Add SQL rendering logic for custom granularities #1408

courtneyholcomb · 2024-09-18T20:49:00Z

Render SQL for custom granularities.
The JoinToCustomGranularityNode will build a time spine dataset and LEFT OUTER JOIN it to the parent dataset, without a subquery. This is done by joining the time spine table directly, instead of creating a subquery that selects from the time spine table and then joins. That makes this the first node that does not create its own subquery. This join should be safe to do without a subquery since it is always a LEFT OUTER JOIN, ensuring the number of rows will not be changed by the join, making it relatively safe for optimizers to handle.
This behavior was discussed with @tlento and agreed upon in order to ensure optimization and readability.
You can see examples of what this SQL will look like in a testing PR higher up the stack.

tlento

I have a few questions inline. My main worries are the assertions, which maybe are addressed upstack, and the thing about the date_trunc. I think this works as-is, but I'm always skittish about relying on date/time operations behaving sensibly. Let's sync up about it really quickly and if we need changes we can figure out if it's easier to merge this as-is and apply them on top of the stack or if we can fix up here and rebase.

tlento · 2024-09-23T23:36:39Z

metricflow/plan_conversion/dataflow_to_sql.py

+            assert (
+                not agg_time_grain.is_custom_granularity
+            ), "Custom time granularities are not yet supported for all queries."


Is this because this block is for direct references to agg_time_dimension_instances, and we are currently only supporting this for metric_time? Or is this just not hooked up yet?

Just not hooked up yet!! (agg_time_dimension_instances here might include metric_time.) This was more just an error for me to encounter intentionally when working on custom granularity queries that encounter the JoinToTimeSpineNode or JoinOverTimeRangeNode, which I wanted to test more thoroughly. Also didn't want users to encounter a more obscure error if they were playing around with this before it was ready.

Also - I haven't encountered this in my basic testing thus far, but I have a task up to make sure this gets handled/removed before we finish the production-ready feature.

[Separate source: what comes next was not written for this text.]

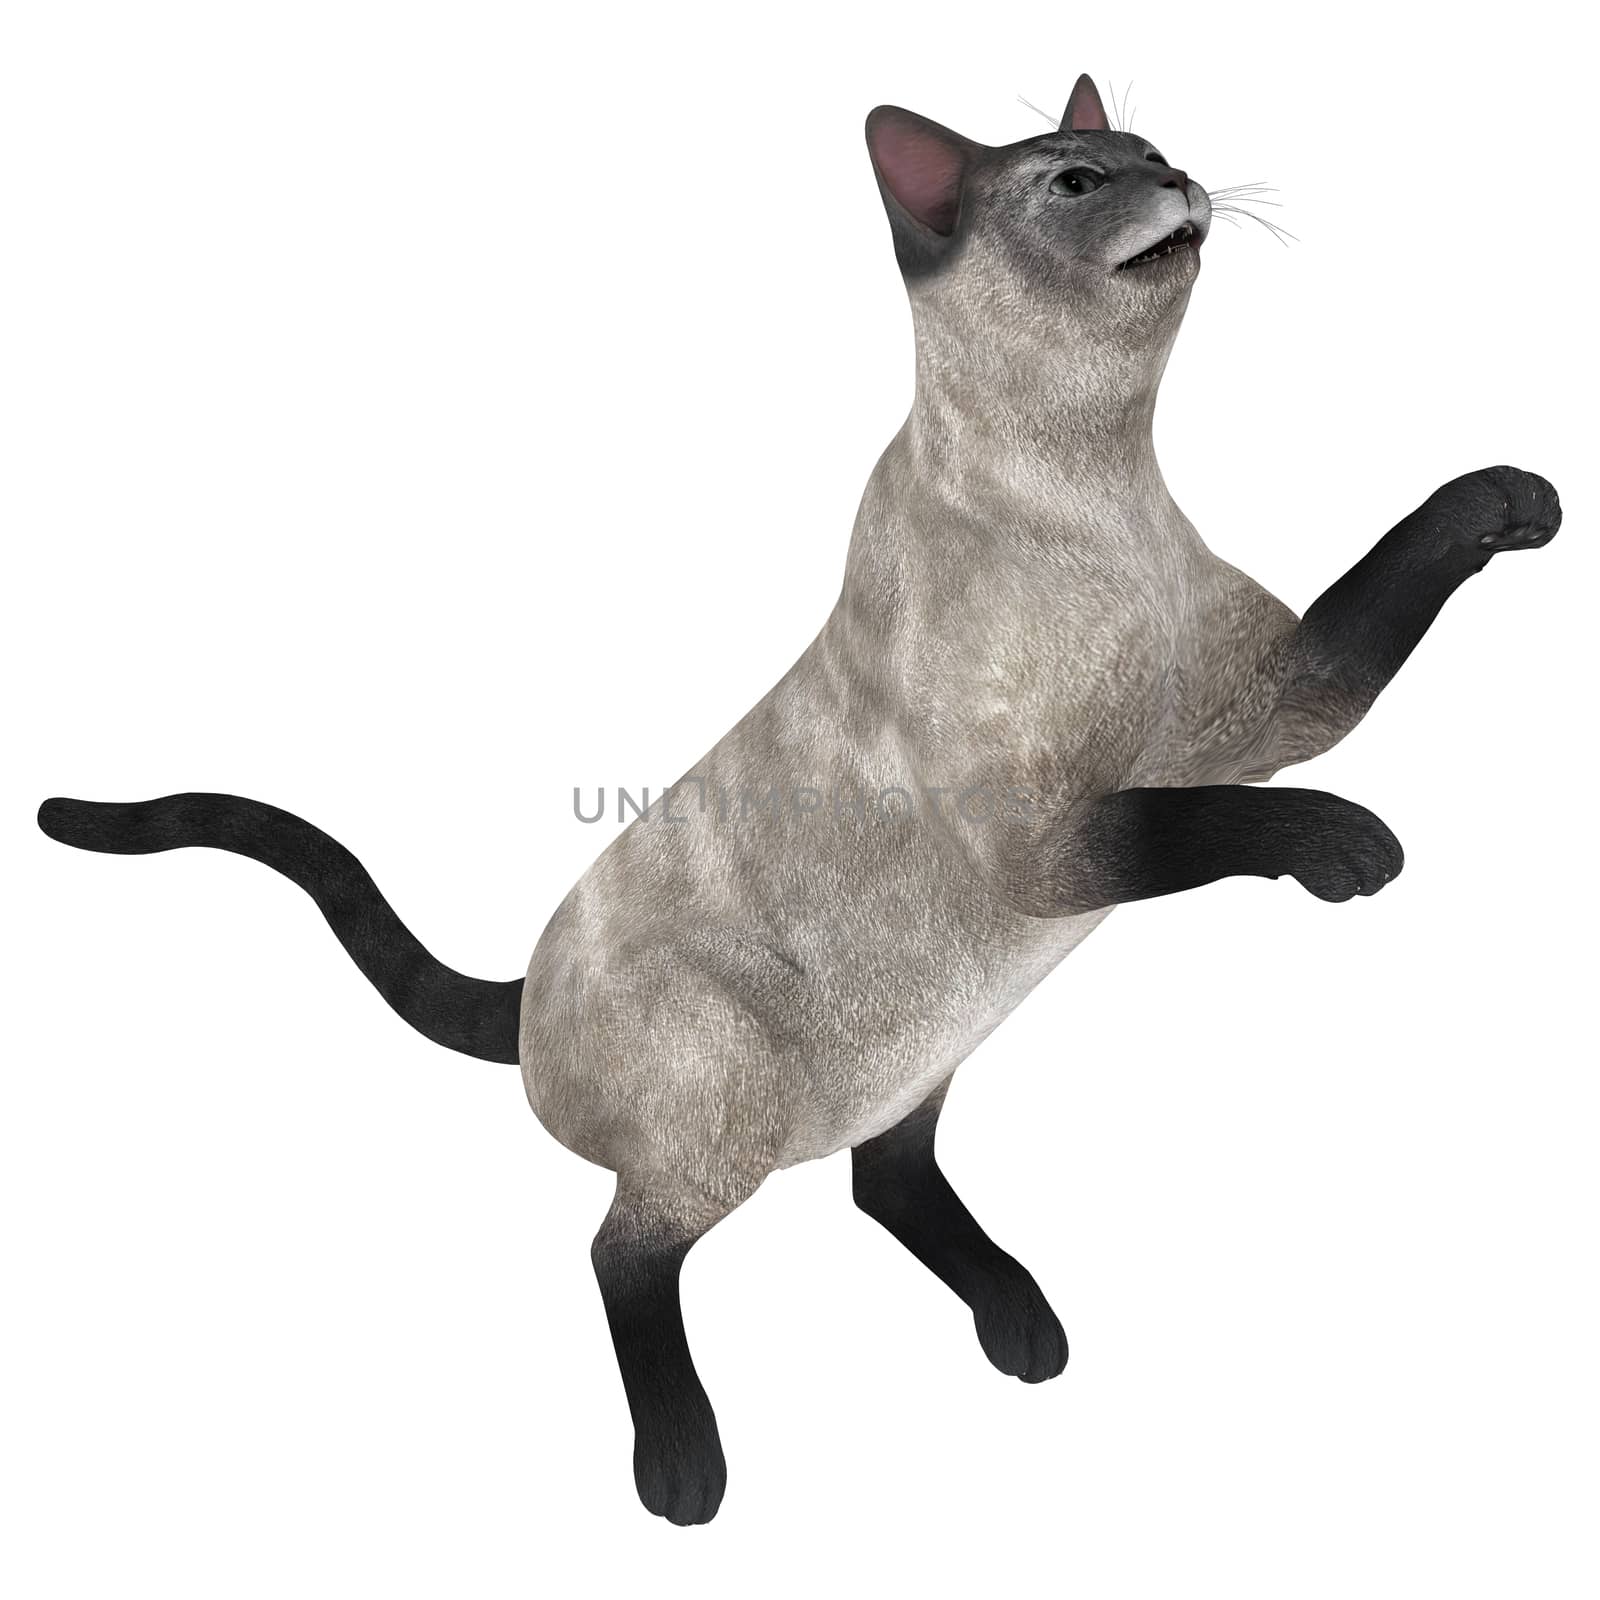 3D digital render of a playing siamese cat isolated on white background

tlento · 2024-09-23T23:44:23Z

metricflow/plan_conversion/dataflow_to_sql.py

+        time_spine_alias = self._next_unique_table_alias()
+        custom_granularity_name = node.time_dimension_spec.time_granularity.name
+        time_spine_source = self._get_time_spine_for_custom_granularity(custom_granularity_name)
+        left_expr_for_join: SqlExpressionNode = SqlColumnReferenceExpression.from_table_and_column_names(


Was chatting with @theyostalservice about why we merged nodes instead of keeping them separate and I realized it's partly because this always has to be a left outer join, right? Given this, it's always safe for things like predicate pushdown to push any predicate past this node, since no rows will be filtered out by the internal join here.

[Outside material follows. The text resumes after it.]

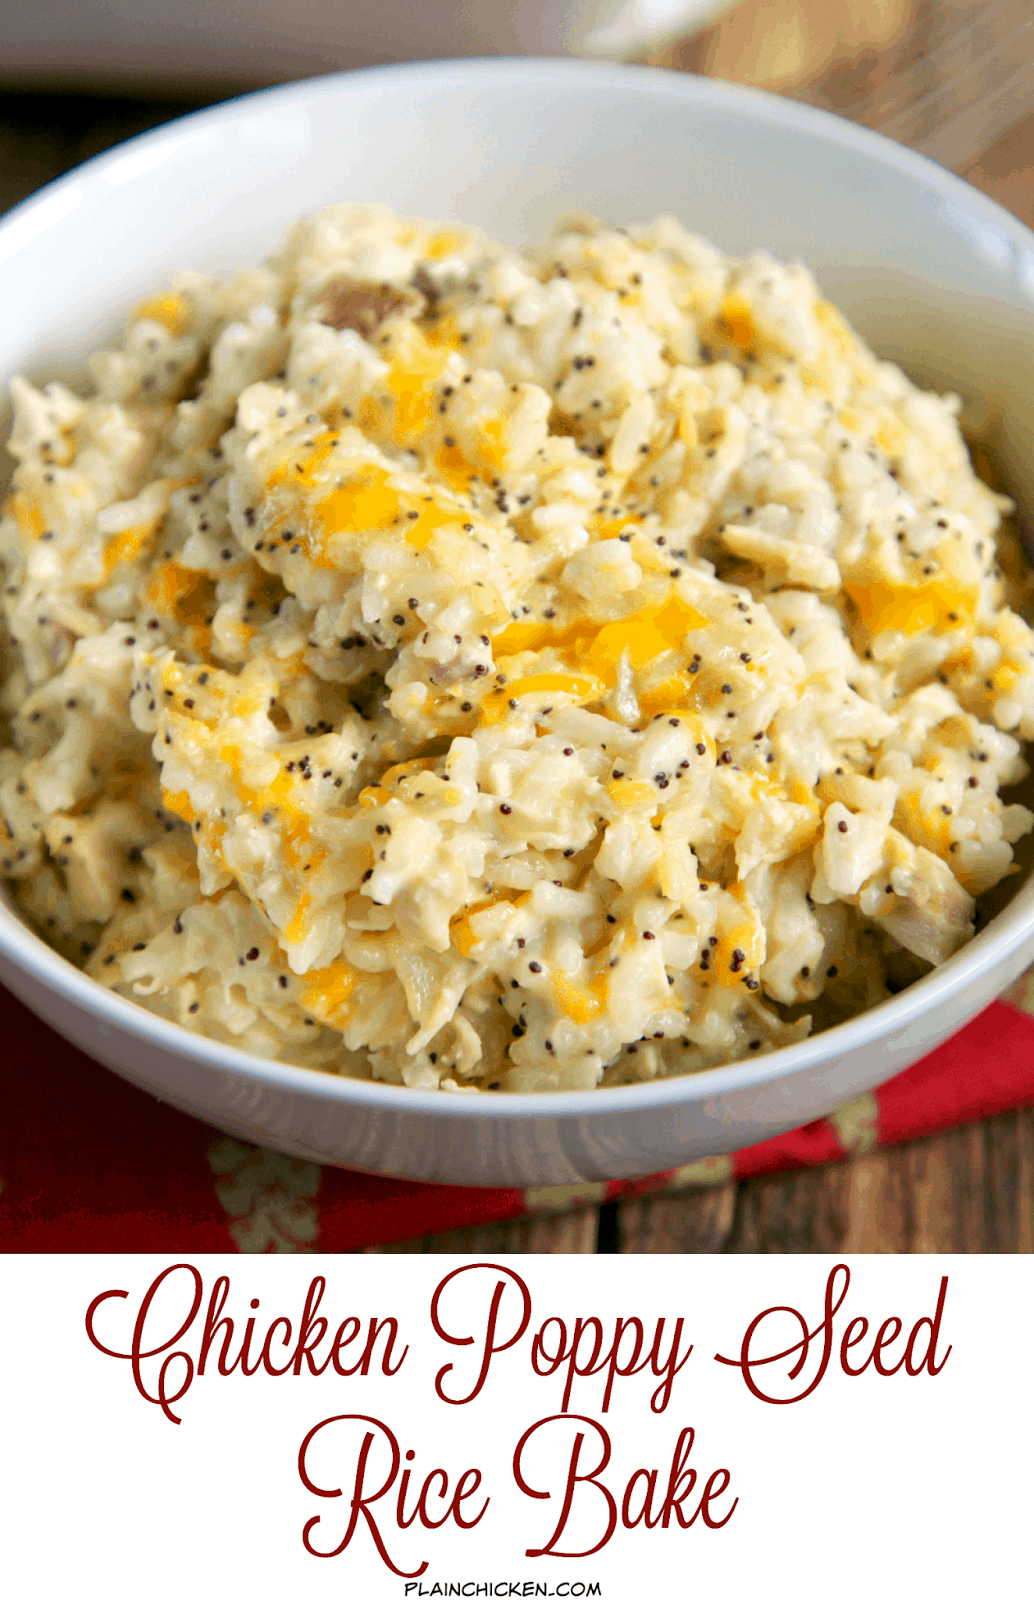 Chicken Poppy Seed Rice Bake - chicken, cheddar, sour cream, chicken soup, poppy seeds and rice - quick and easy weeknight casserole! Use rotisserie chicken and this comes together in 5 minutes! SO good! On the table in under 30 minutes! We make this at least once a week!!

More generally, it's probably worth it for us to document the reasoning for deviating from our previous patterns in the PR description before merge.

Yes, good call!

tlento · 2024-09-23T23:47:38Z

metricflow/plan_conversion/dataflow_to_sql.py

+        if parent_time_dimension_instance.spec.time_granularity.base_granularity != time_spine_source.base_granularity:
+            # If needed, apply DATE_TRUNC to parent column match the time spine spine that's column being joined to.
+            left_expr_for_join = SqlDateTruncExpression.create(
+                time_granularity=time_spine_source.base_granularity, arg=left_expr_for_join
+            )


Are we certain that the parent grain is always finer than the time spine source grain here? Do we need to switch on the .to_int() cases so we date_trunc to whatever is smaller?

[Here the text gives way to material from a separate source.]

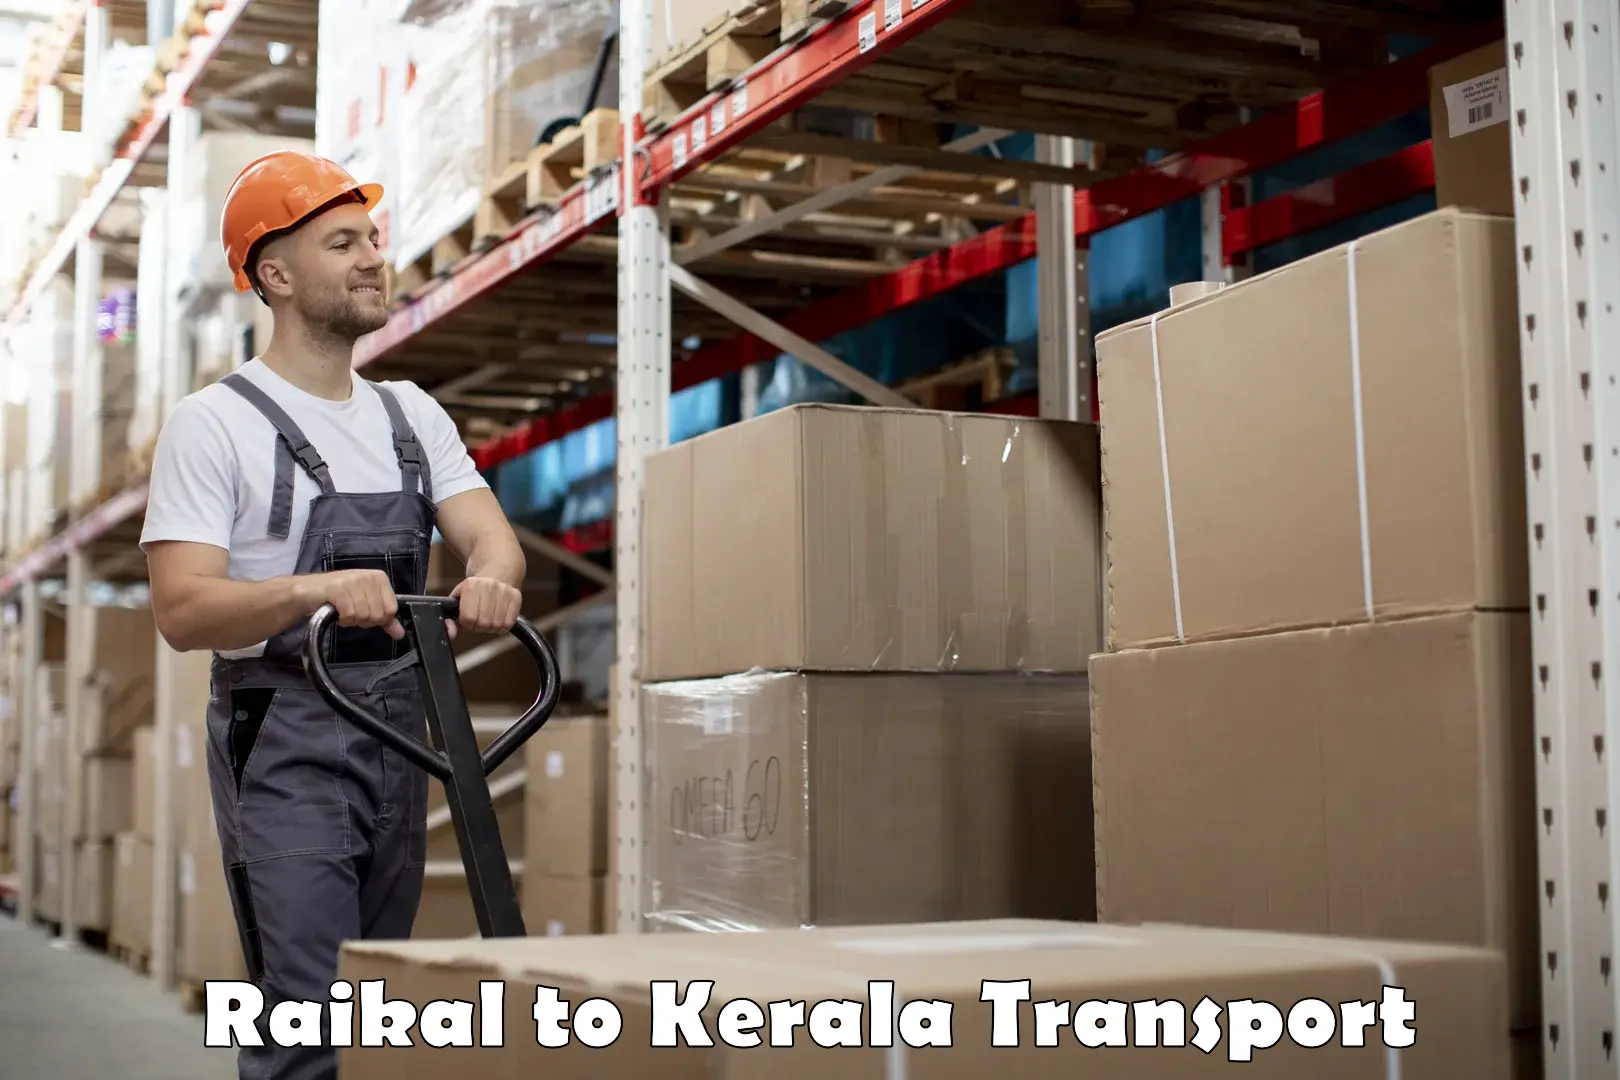 Express transport services Raikal to Cochin University of Science and Technology

Or does it matter? Maybe we only need to date_trunc parent grain since it'll always resolve to the 00 moment, like 2024-01-01T00:00:00? If so then this is fine but maybe we add a comment or something?

Looking back at this, I don't think this DATE_TRUNC is ever actually necessary. I think there was just a bug somewhere in my code when I added it that made me think it was necessary.
The reason it's not necessary is that on line 1439, we choose this parent instance BECAUSE it is the instance that matches the base grain.
I tested removing this logic at the top of the stack and nothing change, so seems safe to remove. Will remove it here since I need to add some comments to this PR anyway!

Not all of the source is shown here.